We figured that using DBXML would give us some important advantages:
- Collections of HTML5 documents will form the basis of data model. Only one trivial conversion from HTML5 to syntactically valid XML is needed to get our documents into the XML database. Once stored we can perform some interesting queries over our data.
- XML databases allow for the storage of complex data layouts without having a strict schema. Without a schema it will be easier to adjust our data model over time without instantly breaking our software.
- XQuery is a very expressive (almost-purely functional) querying language which is at least as powerful as SQL and far more flexible in the structure of the data to target.
- XML can be used to both encode strictly defined datatypes and store free-form documents in the same document collection. This will enable us to put both our meta data and our documents in the same database.
- A quick look on Hackage revealed there is an out-of-the-box easy-to-use Haskell binding available for the Berkeley XML database.
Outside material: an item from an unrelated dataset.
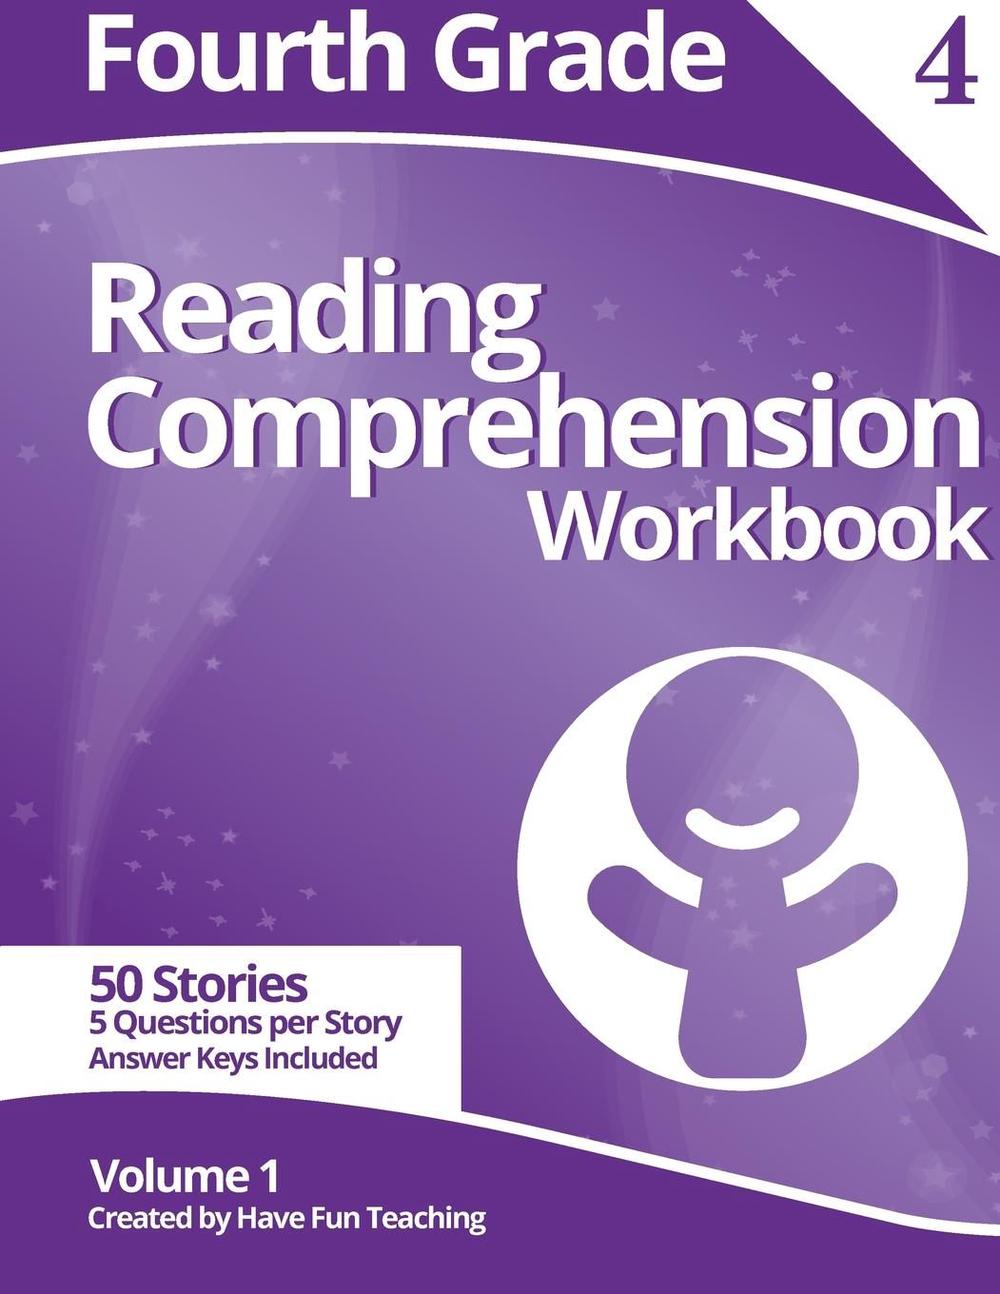 Fourth Grade Reading Comprehension Workbook: Volume 1 by Have Fun

No need to create custom bindings ourselves.
- We are in the advantage (or disadvantage) of having Haskell as our language of choice for our server software. Because of the hierarchical nature of both XML and Haskell algebraic datatypes, an XML database feels like a perfect fit.
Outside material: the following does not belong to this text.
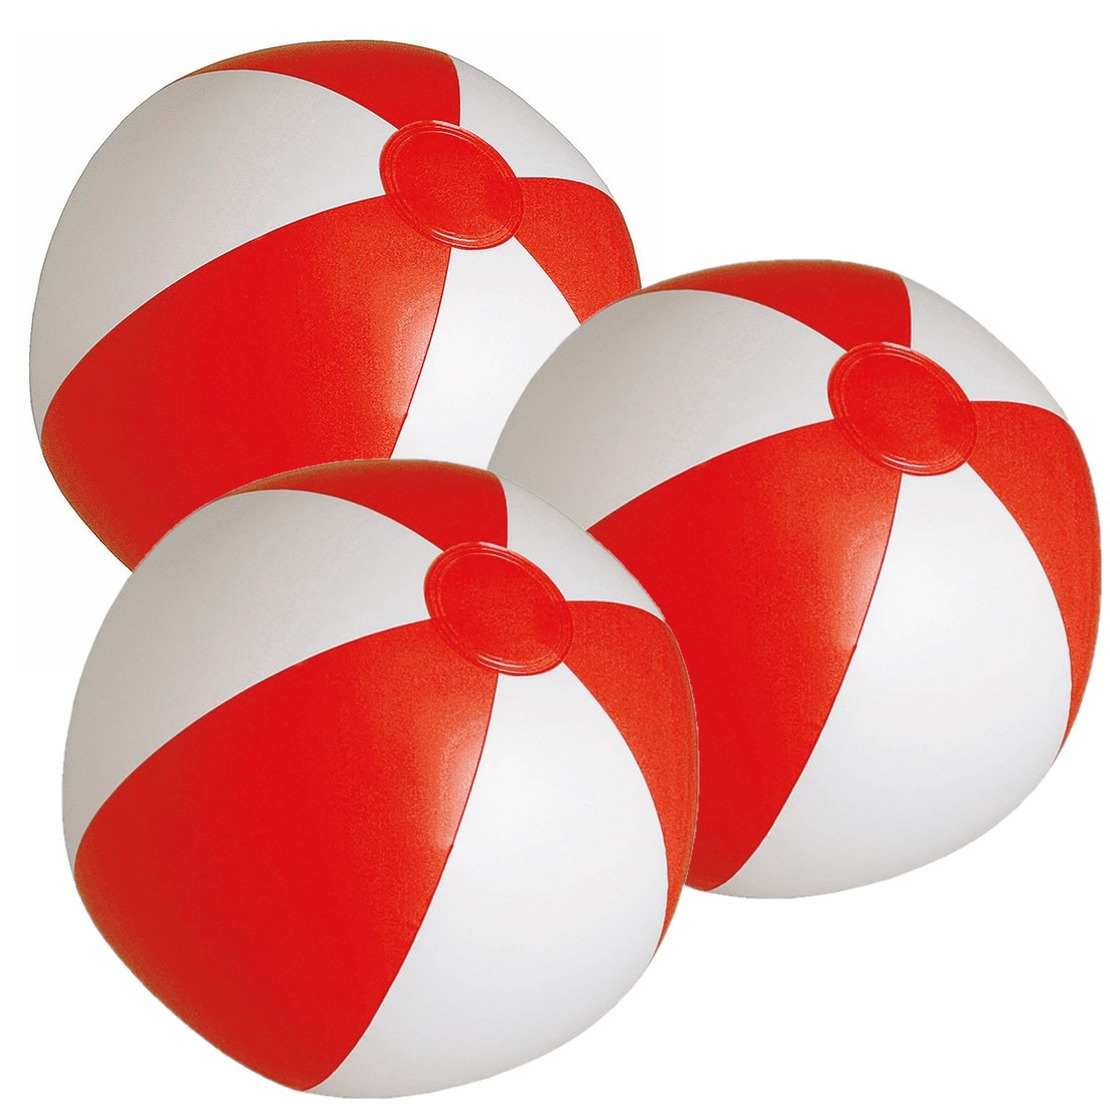 10x stuks opblaasbare zwembad strandballen plastic rood-wit 28 cm

Once we decided to go for an DBXML back-end we had to figure out how to easily get values form our Haskell program in and out of the database. The rest of this post will be dealing with the last point of our enumeration: how to get a nice mapping from Haskell’s algebraic datatypes to our DBXML back-end.
XML queries
The DBXML binding for Haskell is a shallow wrapper around the existing C++ API. This library allows us to perform the common create, read, update and delete queries for entire XML documents or parts of it. Communication with the XML database happens mainly via XQuery. Queries and query parameters are passed into the API (and results will come out) using Haskell ByteStrings. It is up to the programmer to setup the queries with the right XML structure and encoding. Take for example the (somewhat simplified) type signature of the query function:
query :: Collection -> Query -> Parameters -> IO [ByteString]
This function takes an identification of the XML collection, which is somewhat like a database handle, an XML query, a set of query parameters and returns a possibly empty list of XML snippets as ByteStrings. Too bad that all our domain objects are well-typed Haskell algebraic datatypes and not raw sequences of bytes. We need a simple XML (de)serialization tool for this.
XML picklers
The Haskell XML Toolbox (HXT) is a library containing a (quite extended) collection of XML processing tools. The library has support for XML parsing, pretty printing, XPath queries, XSL stylesheets, DTD, XSD and RelaxNG schemas and a lot more. Interestingly, HXT exposes a type class and an accompanying set of combinators called XML picklers. XML picklers can be used to build conversion functions from Haskell datatypes to XML and vice versa. The type class looks like this:
class XmlPickler a where
xpickle :: PU a
So for every type in the XmlPickler type class there is some PU available. The PU datatype is composed of a pair of pickle (serialize) and unpickle (deserialize) functions together with a schema description. Because we won’t be using the schema definitions we will ignore them for now. There is probably no need to ever touch the functions inside the PU type, because the library supplies a vast amount of basic pickler combinators to be used instead.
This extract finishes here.